Justru para pengembang yang benar-benar hebat dan sangat terampil malah menikmati vibe coding...
Bukan saya yang bilang (seperti Linus Torvalds atau Robert Martin)
Saya lebih bahagia saat menulis kode dengan tangan.
Saya hanya menggunakannya untuk skrip Python. Rasanya sulit mengatakan bahwa saya menikmatinya.
Saya mencari artikel tentang Linus Torvalds, dan sepertinya itu ditulis sebagai hobi, dan masih belum digunakan untuk pengembangan Linux.
Komentar Hacker News
Mereka menyamakan coding dengan pertukangan kayu. Walau mesin bisa membuat furnitur, tetap ada orang yang membuatnya dengan tangan. Hand-coding juga bisa dilakukan demi kesenangan, tetapi ke depannya akan sulit dijadikan profesi
Saya memilih cara yang memberi hasil paling cepat dan paling baik dalam jangka panjang. Saat ini neovim dan hand-coding memenuhi peran itu. Dengan mengetik sendiri dan memahami proyek secara mendalam, saya bisa mengirim fitur lebih cepat dalam jangka panjang. Hal-hal yang tidak membantu pembelajaran saya serahkan ke LLM, dan karena pekerjaan seperti itu banyak, tingkat penggunaan LLM saya juga tinggi
Masalah vibecoding adalah perasaan “rasanya enak” bisa mengaburkan hasil yang sebenarnya
Ada komentar sinis: “Apakah karena bahagia, jumlah kode yang dihasilkan jadi naik 200 kali lipat?”

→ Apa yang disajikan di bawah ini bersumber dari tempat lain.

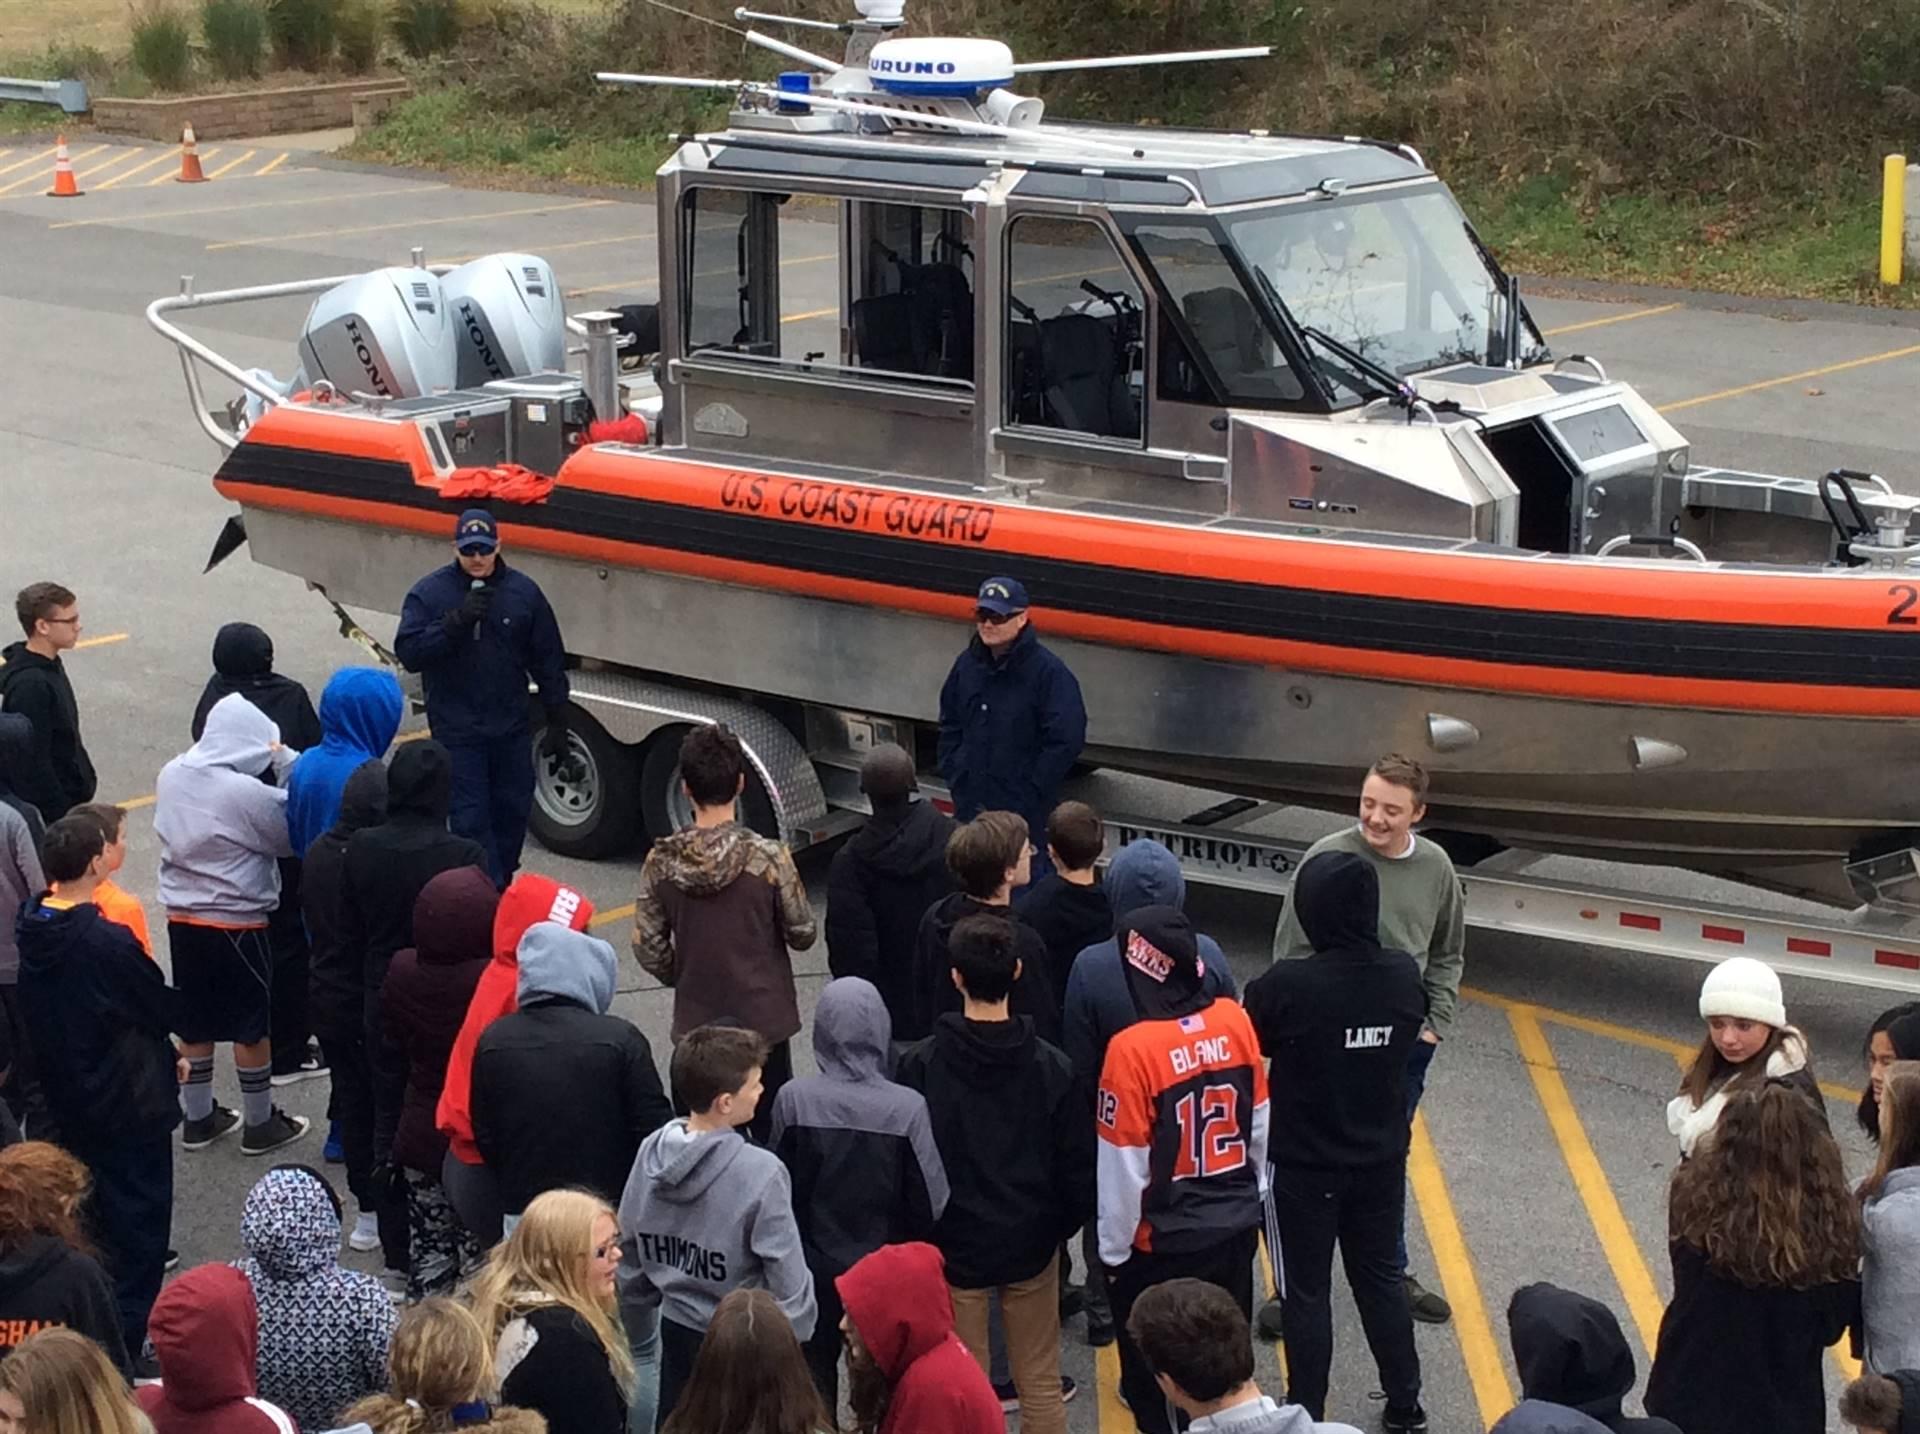 Waiting to get a close up look at a Coast Guard Boat

Nilai AI memang jelas ada. Misalnya saat mengubah tabel DB dengan 300 kolom menjadi Rust struct, AI bisa menghasilkan 900 baris kode dari prompt 15 kata. Untuk pekerjaan berulang seperti ini, AI sempurna. Tetapi saya tidak ingin menyerahkan semuanya. Saya hanya memakainya pada tingkat penggunaan yang masih membuat saya nyaman
Pertanyaan inti adalah: “Saat LLM menulis kode menggantikan saya, lalu saya sedang melakukan apa?” LLM tidak bisa benar-benar dilepas begitu saja; rasanya seperti harus dirawat dari samping. Developer junior bisa bertumbuh, tetapi LLM tidak belajar. Karena itu terasa seperti hilangnya kepuasan dalam mentoring
Ada yang penasaran bagaimana rekrutmen developer berubah belakangan ini. Apakah penggunaan LLM diperbolehkan, atau apakah masih dituntut hand-coding
Saya sudah mengembangkan dengan kecepatan setara vibecoding bahkan sebelum era LLM, lewat model-driven development (MDD). Model data adalah aplikasinya itu sendiri, dan LLM hanya membantu menuliskan prosedur sedikit lebih cepat di atasnya. Arah model data tetap saya yang tentukan
AI coding terbagi menjadi tiga jenis
Masyarakat modern sedang berubah menjadi struktur yang memberi dopamin lewat klik tombol. Karena itu semuanya terasa berantakan
Belakangan ini terus muncul tulisan dari pengembang tertinggal yang cuma mencari pembenaran mental. Bagaimanapun juga, arus zaman ini toh tidak bisa dihentikan.
Ini sudah kelewat batas.
Saya juga setuju dengan pendapat itu. Meski seseorang bersikeras ingin menulis kode secara manual, kecuali benar-benar menjalankan bisnis sendirian
pada akhirnya itu tetap akan tergantikan, tetapi sepertinya mereka tidak menyadari hal ini.